The surface morphology of the films was investigated using SEM. Continuous, pinhole-free films with polydisperse grains (size of the order of 40–80 nm) were observed for all compositions, except at Mg nominal amount exceeding 0.1, where the grain size was negatively affected (Fig. 2 and S3 in ESI†). This is consistent with the XRD results which showed a reduced crystallinity at high Mg loading. The loss in deposition quality is also accompanied by a reduced thickness measured at high concentrations, while the thickness remains rather constant in samples prepared from lower Mg amount (Fig. 2d and S4†). As mentioned, most samples show a rather broad grain size distribution, with a few larger grains being observed over a dense layer of smaller grains. This is consistent with our earlier results on undoped CuCrO₂.¹⁷

Fig. 2 SEM images for CuCrO₂ films deposited with different nominal Mg concentrations. a) 0 b) 0.05, c) 0.10. The scale bar is 400 nm and is common to all SEM images. d) Plot of film thickness for various Mg concentrations.

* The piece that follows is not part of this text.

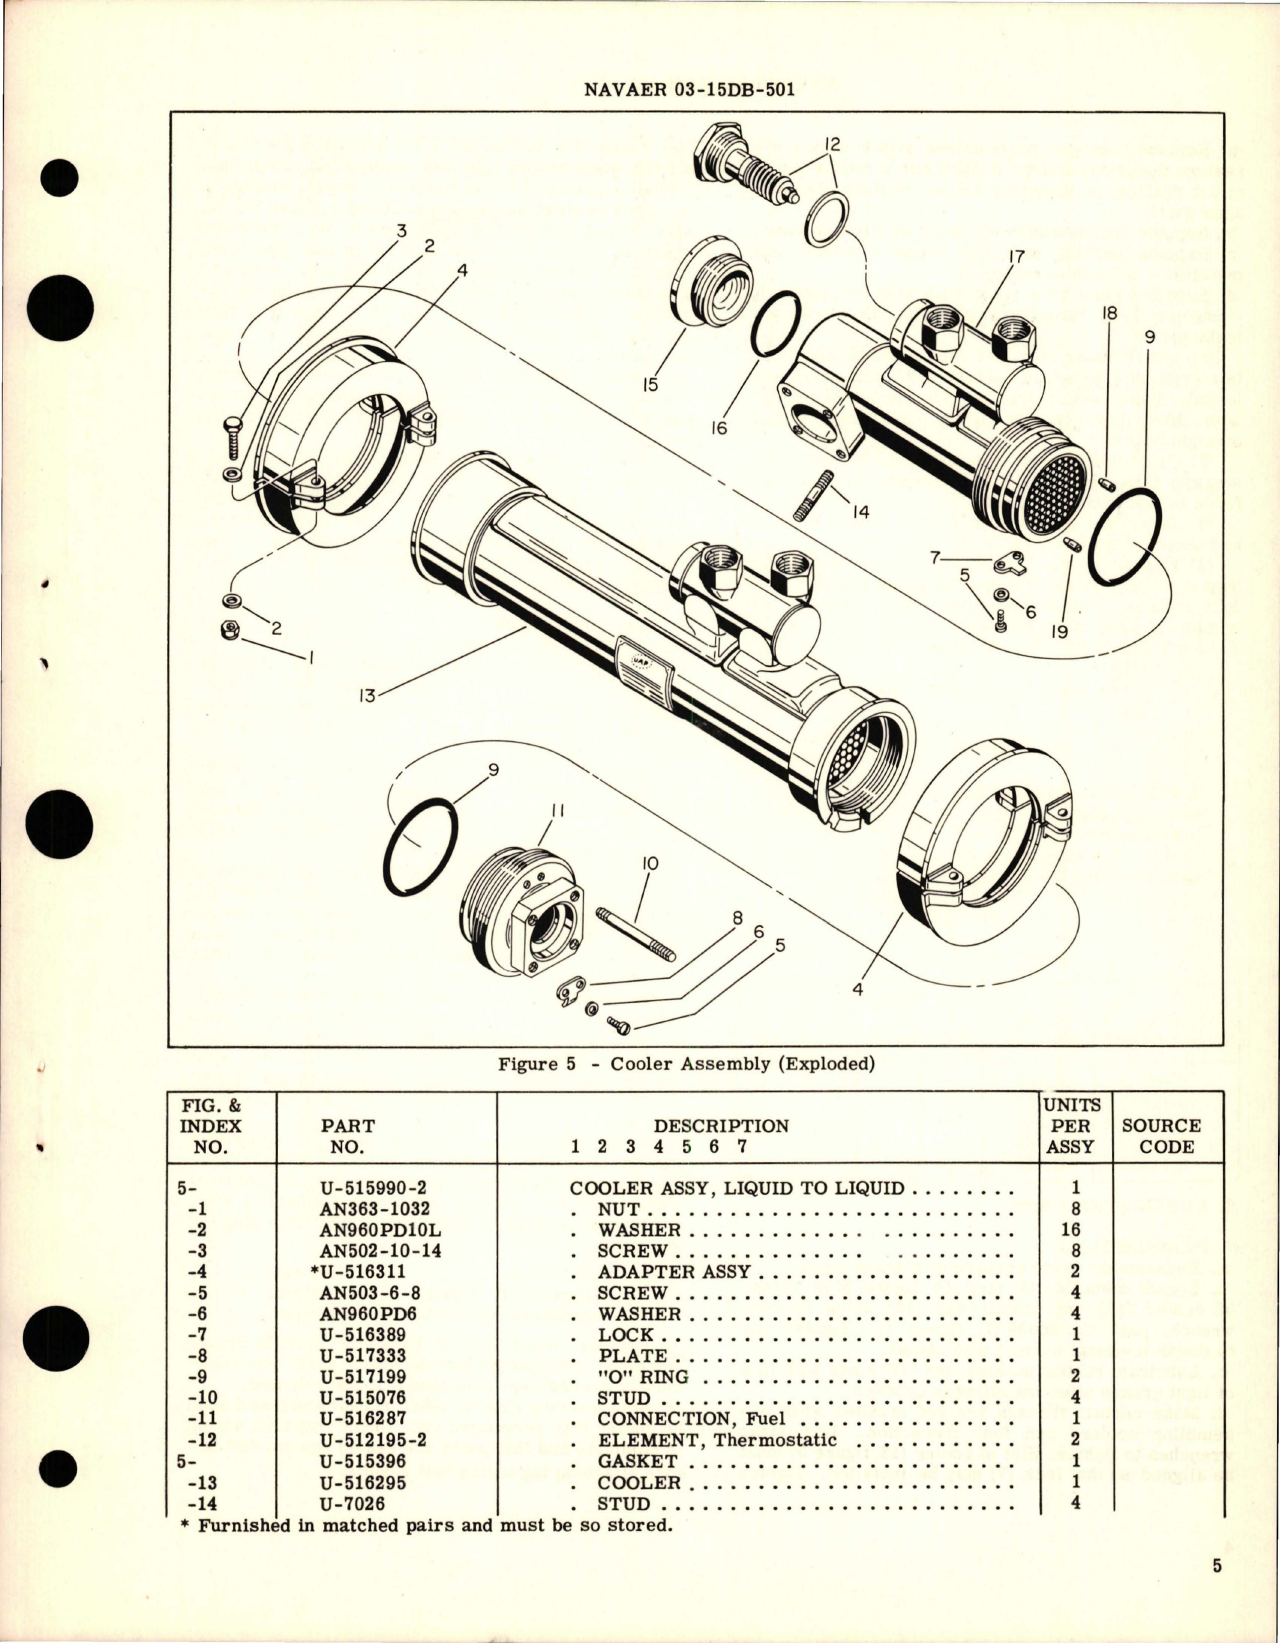 Sample page 5 from AirCorps Library document: Overhaul Instructions with Parts Breakdown for Liquid to Liquid Cooler - U-515990-2

We used XPS to analyze the chemical composition and chemical environments of the prepared films, and a typical survey spectrum is shown in Fig. S5.† The high resolution XPS spectra of the main regions of interest are reported in Fig. 3. Fig. 3a shows the Cu 2p region, with the Cu 2p_3/2 and Cu 2p_1/2 main components, centered at ∼932.2 eV and ∼952.0 (spin–orbit splitting of ∼19.8 eV), indicative of Cu⁺, as expected from delafossite materials. However, the presence of Cu²⁺ is also observed, due to the shoulder peaks at ∼934 eV and 954 eV, and the corresponding satellite (shake-up) peaks at higher binding energies, characteristic of Cu(II) species. This is not surprising, since surface oxidation of Cu species in delafossite is known, and it is consistent with our earlier work¹⁷ and also other literature reports.^31,37,38 Importantly, negligible differences are observed in the copper environment as a function of Mg doping.

Fig. 3 XPS characterization for CuCrO₂ films as a function of Mg concentration. a) Cu 2p, b) Cr 2p, c) O 1s, and d) C 1s and Mg KLL. The inset in (d) shows a zoomed view of the Mg KLL region.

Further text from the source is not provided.